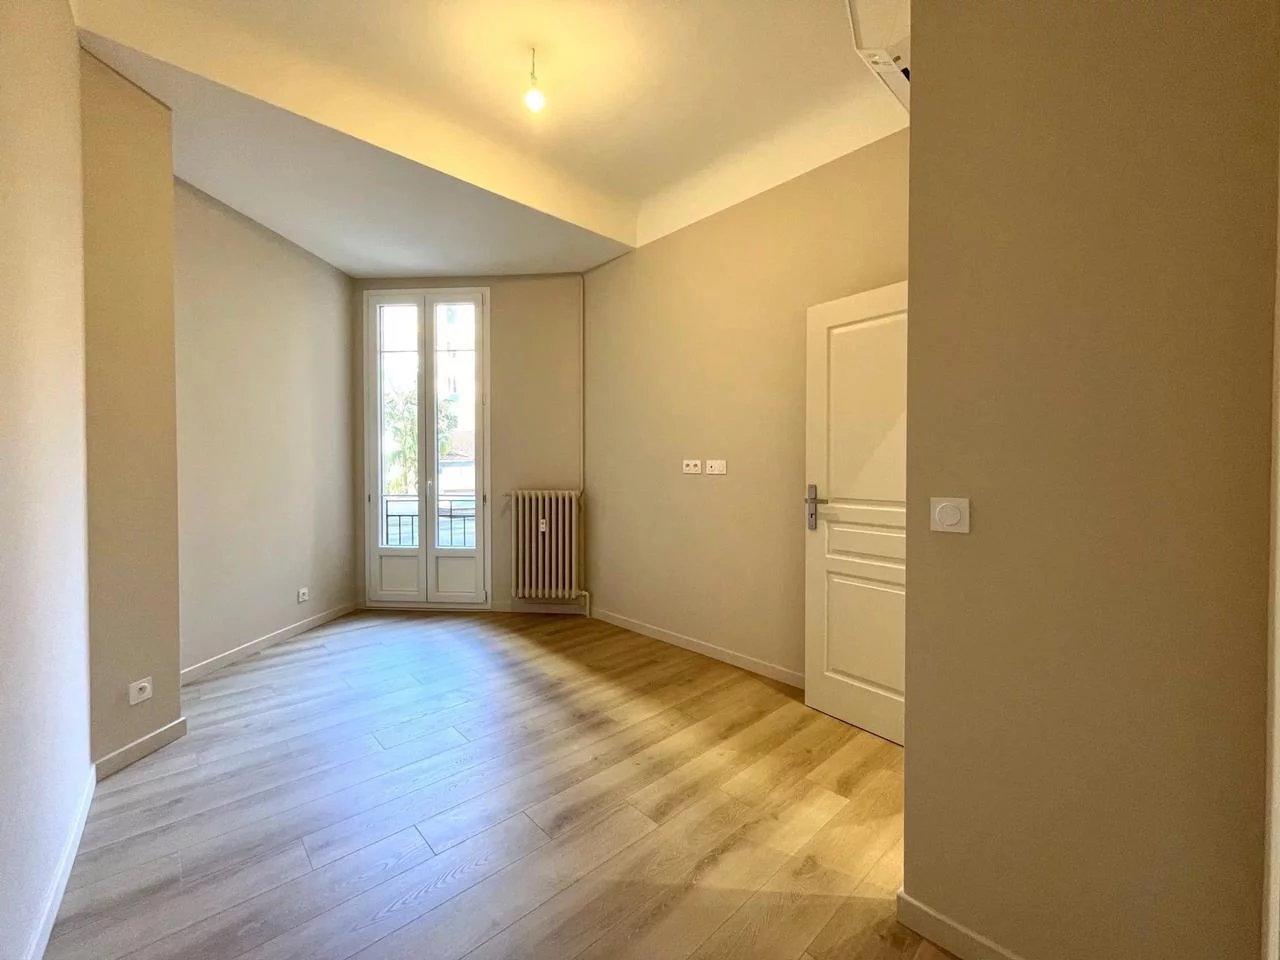 Appartement  3 Rooms 73.33m2  for sale   299 500 €
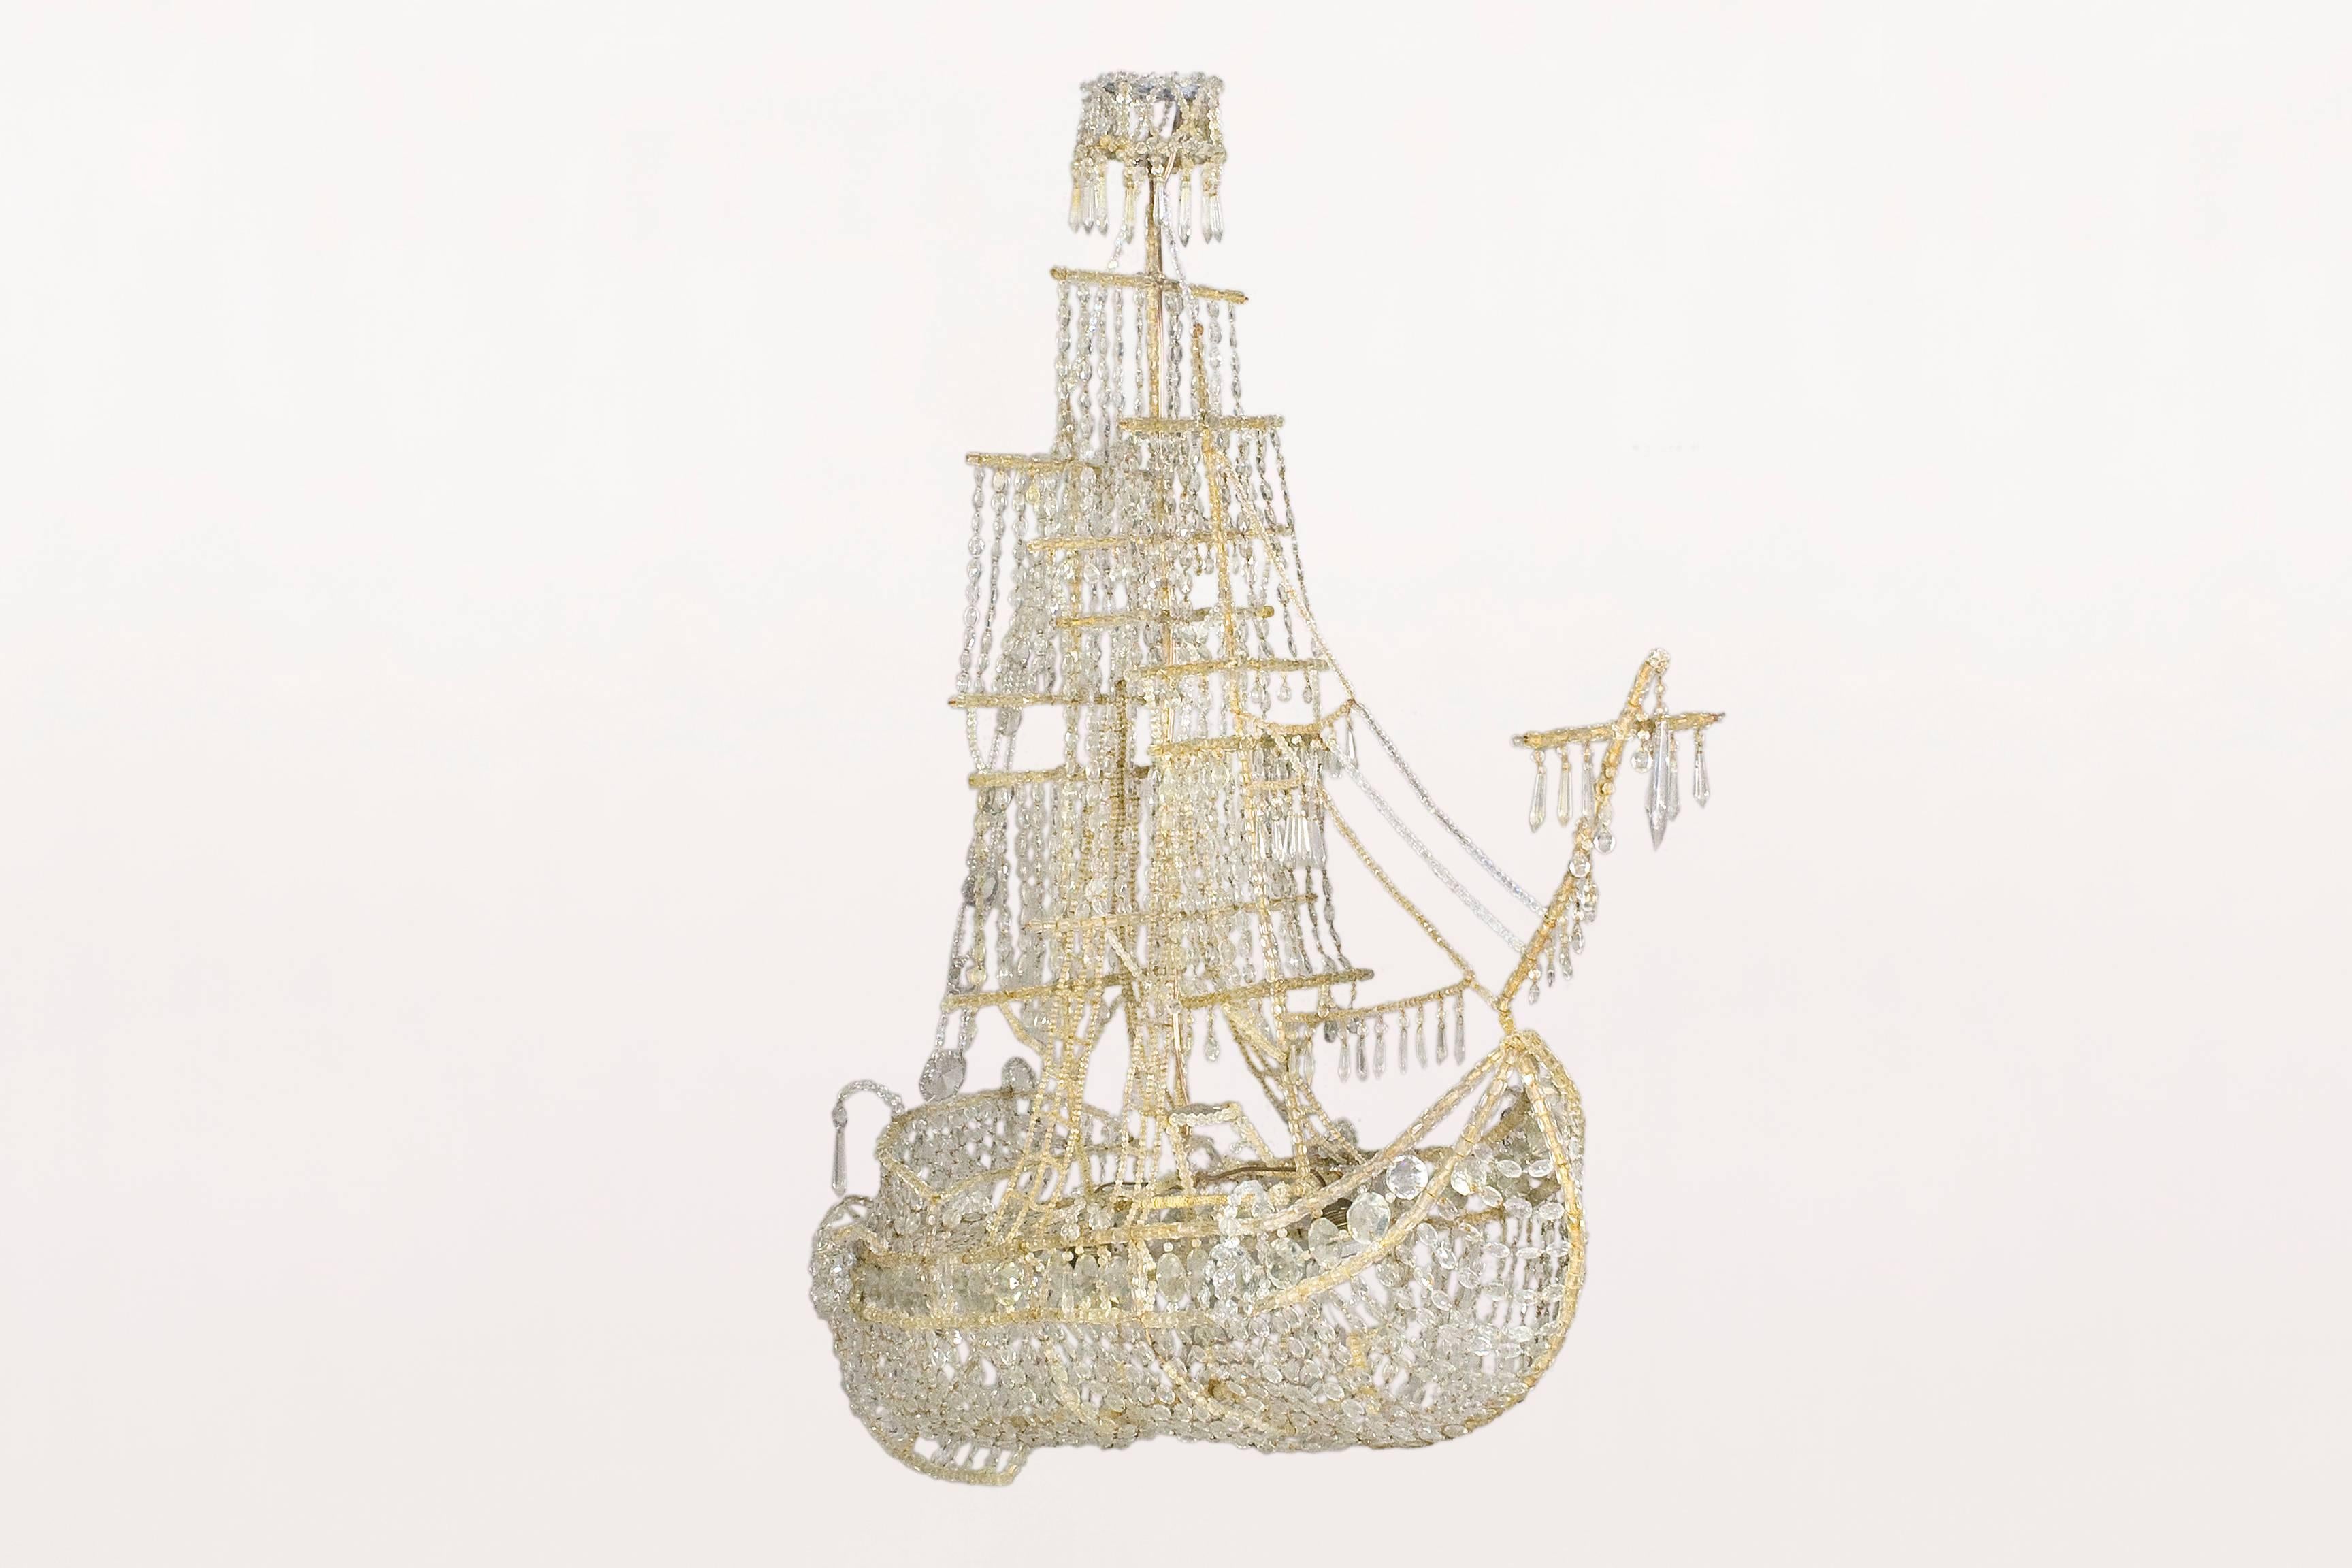 Large Crystal Galleon Chandelier
Two Light Sources
Recently Rewired
Circa 1940, Spain
Good Vintage Condition

────────────────────

Task prompt: Copy the final stretch of lines, starting at the one that holds "Large Crystal Galleon Chandelier" and ending at the last line of the data, exactly; omit pictures.

Answer:
 Large Crystal Galleon Chandelier
Two Light Sources
Recently Rewired
Circa 1940, Spain
Good Vintage Condition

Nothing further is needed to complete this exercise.